Damit bekomme ich auch das Objekt, das in meiner XML steht von der Klasse "MyClass" zurück.
MyClass hat allerdings noch weitere Elemente (nicht Attribute).
Gibt es eine Lösung auch diese alle bekommen?
Ich kann natürlich auch immer mit der Get - Methode von "MyClass" alle anderen Kinder abrufen. Problem ist aber: Die Kinderelemente können natürlich auch wieder Kinderelemente haben usw. (Sehr aufwändig und auch fehleranfällig)

*Mein Ziel ist es:*
1) XML einlesen *(erledigt)*
2) MyClass in Objekt umwandeln *(erledigt)*
3) Alle Kinder von MyClass bekommen *(nicht erledigt)* und jedes Objekt prüfen, ob in Datenbank vorhanden (Aufruf einer Methode, ist hier aber nicht das Thema...) 
4) Kinder von den Kinder bekommen und ebenfalls prüfen, ob in der Datenbank vorhanden *(nicht erledigt)*

Kann mir hier bitte jemand helfen.


----------



## thecain (30. Mrz 2016)

Was sind


beta20 hat gesagt.:


> weitere Elemente (nicht Attribute)


Hast du mehrere verschiedene Root elemente?

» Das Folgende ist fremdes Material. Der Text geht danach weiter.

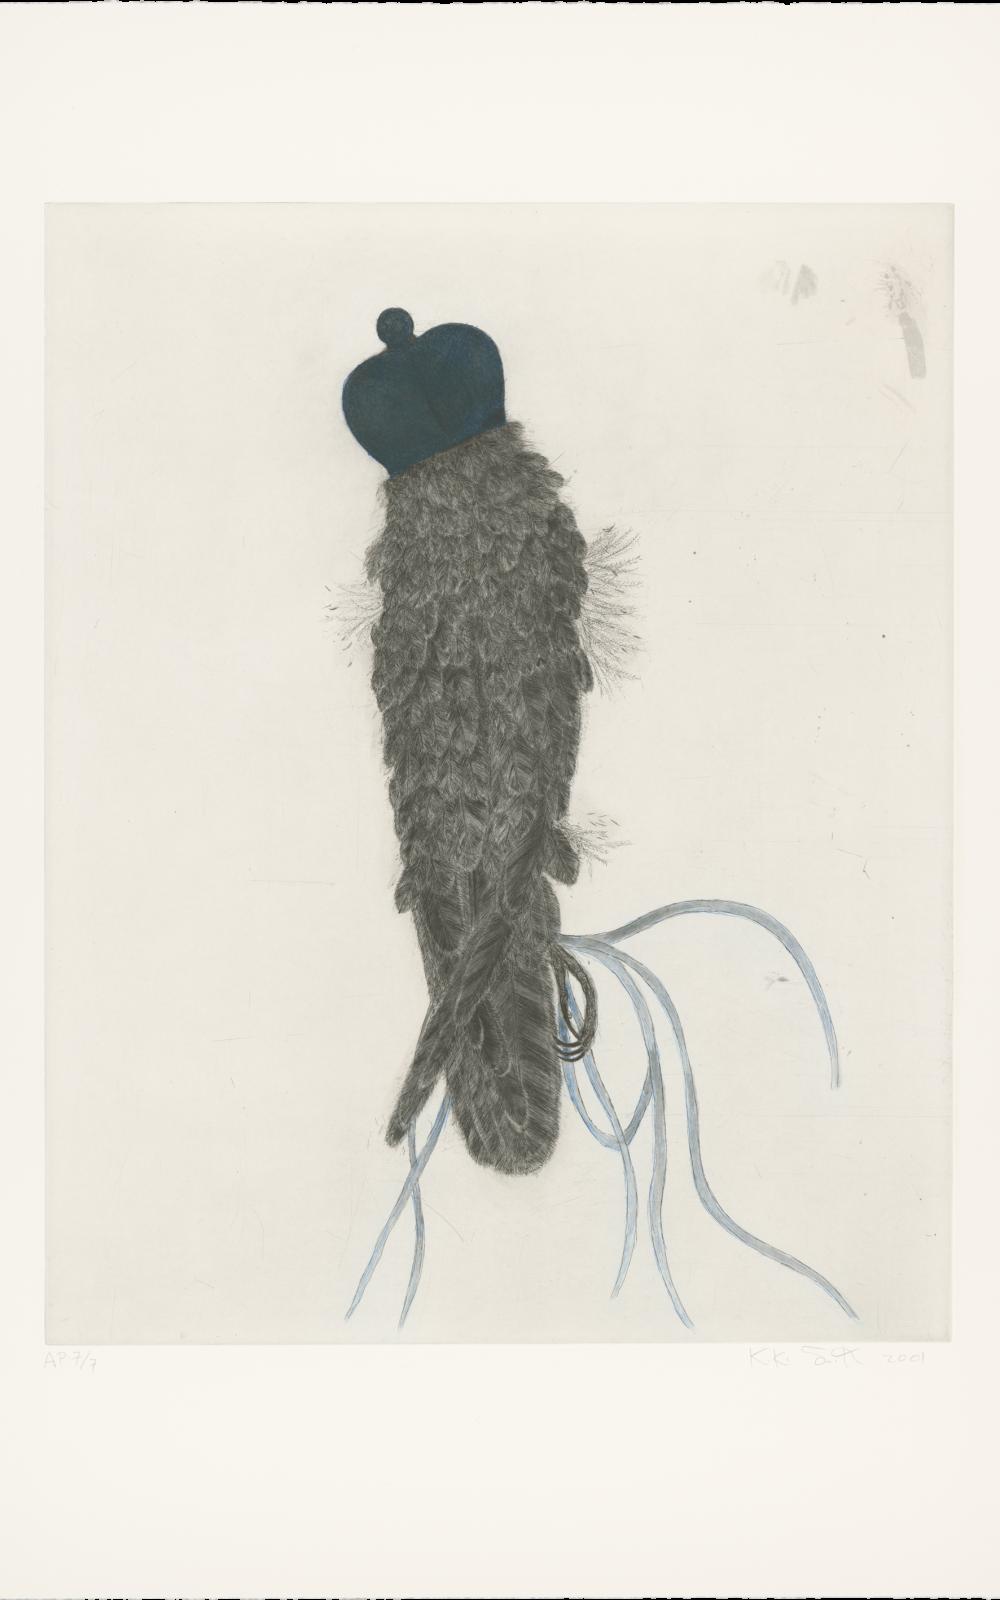 Kiki Smith, Falcon, 2001, Radierung und Aquatinta auf Hahnemühle Copperplate Bright White-Papier, 883 x 711 mm, Staatliche Graphische Sammlung München, Schenkung der Künstlerin © Kiki Smith, courtesy Pace Gallery

Dann ist dein Xml nicht valid und du brauchst eine Wrapperklasse welche eine List von MyClasses drin hat.


----------



## beta20 (30. Mrz 2016)

Nein, habe ich nicht.


----------



## thecain (30. Mrz 2016)

Was sind denn "weitere Elemente" die nicht Attribute sind?


----------



## beta20 (30. Mrz 2016)

Ich erkläre es anhand eines Beispiels was ich als "weitere Elemente" meine:

Root: Auto
Weitere Elemente (=meine Kinder)
z.B. 
- Reifen
- Sitz

Diese Kinderelemente haben dann wieder weitere Kinder
- Ventil
- .....


----------



## thecain (31. Mrz 2016)

Dann muss einfach Reifen, etc auch mit JAXB Annotiert sein


----------



## beta20 (1. Apr 2016)

Wie meinst du das genau? Meine Klassen (Reifen etc.) sind alle mit JAXB annotiert....


----------



## thecain (1. Apr 2016)

Dann machst du sonst was falsch. Wobei ich auch nicht verstehe, was eine Datenbank meinem einem unmarshall zu tun haben soll...


----------